JT: They’re faster than A24, they get the breaks. I think my dad just keeps hitting “Refresh” every five minutes. [laughs] But it’s exactly like Jimmie said—we cobbled together this team by the time we had a Kickstarter, and not only was it like the thing that got us being able to develop it together, and prove the script as a team, and not just be isolated off in a room writing which I would have found really depressing, it was also like ... you get those “No’s,” and rather than going home alone and crying in your pillow, I cry on his shoulder. And we’re all there rallying, and I think over the years these people who had initially reached out who saw our Kickstarter or the concept trailer, became like our best friends in the world. They’re family now, they’re over at my house when I’m not there, kind of thing.

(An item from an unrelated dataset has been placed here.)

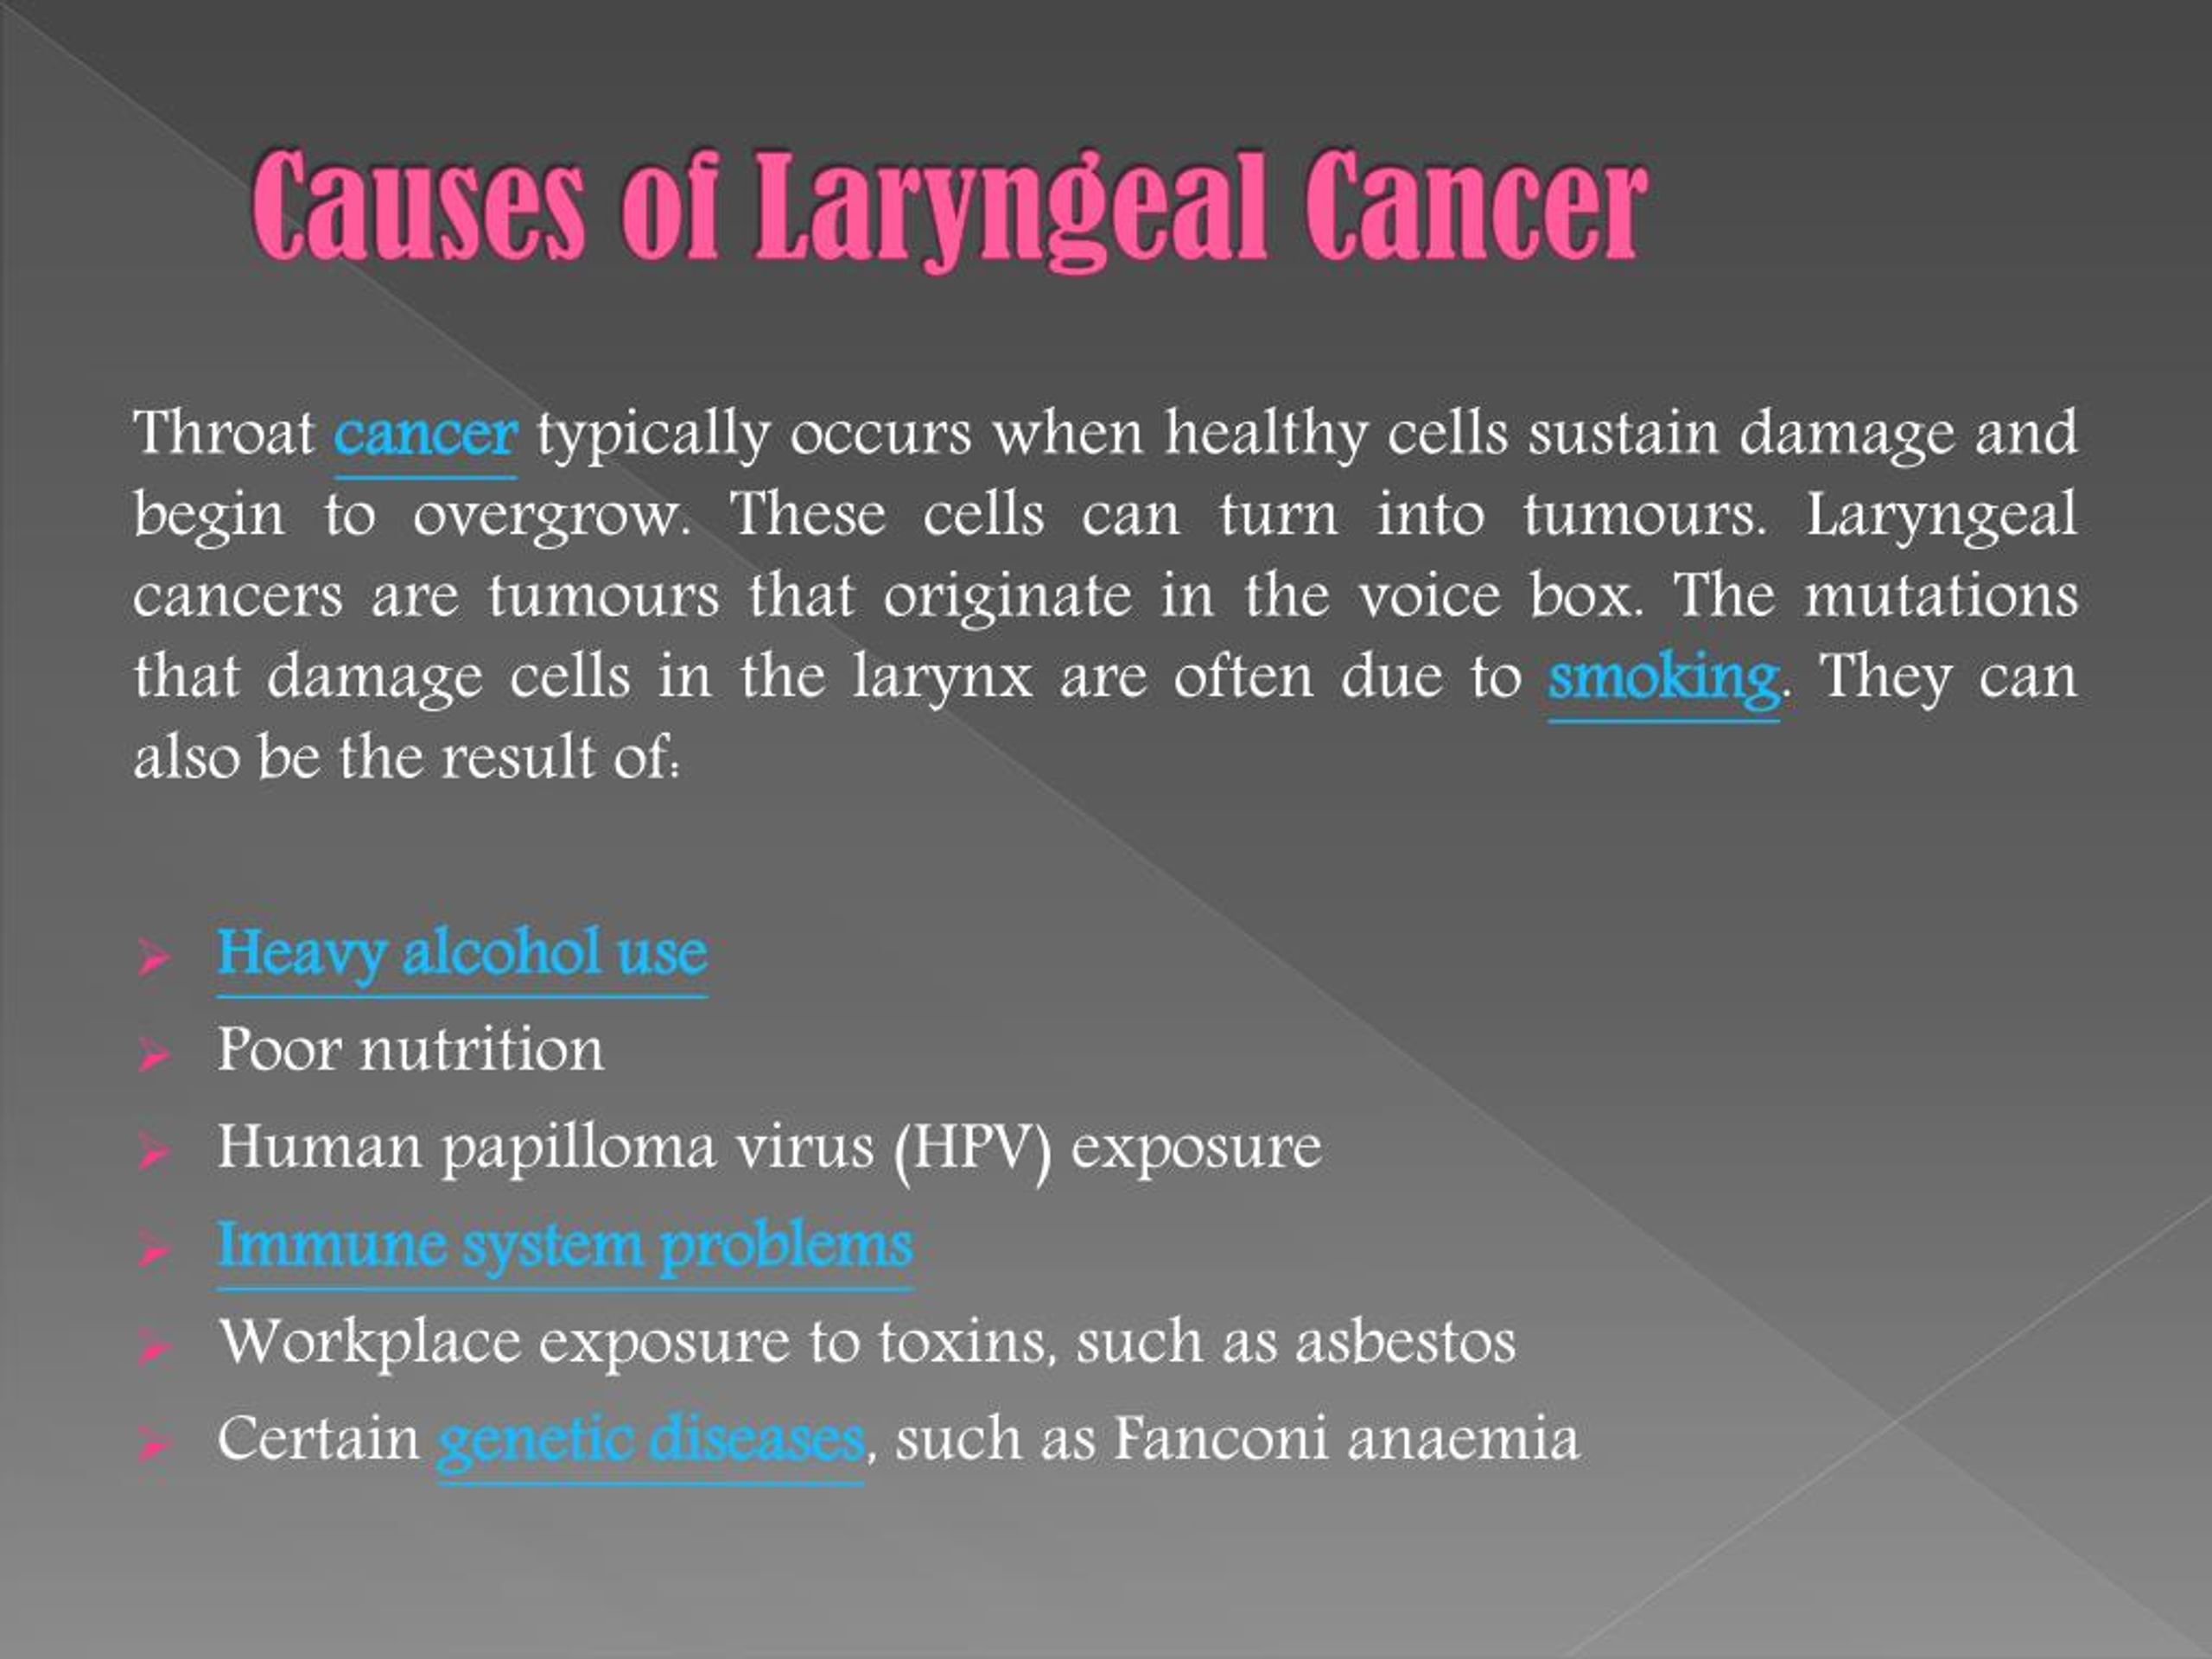 Ppt Laryngeal Cancer Symptoms Causes Diagnosis And Treatment Powerpoint Presentation Id 1956

JF: Now I know why the saying “blood, sweat, and tears” exists. That actually was put into this. Actually bled. All of these people we met, we’re just there. That’s important, especially for this film—it’s the only way it’s going to happen. You can’t just have actors acting across from each other. That wouldn’t have worked. It was like an actual family. Even the crew. They made it comfortable for me to be able to do it.
JT: I think we cobbled together a group that was like, the last artists in San Francisco. They took it personally and made it their own. It was one of the last places people could congregate as artists.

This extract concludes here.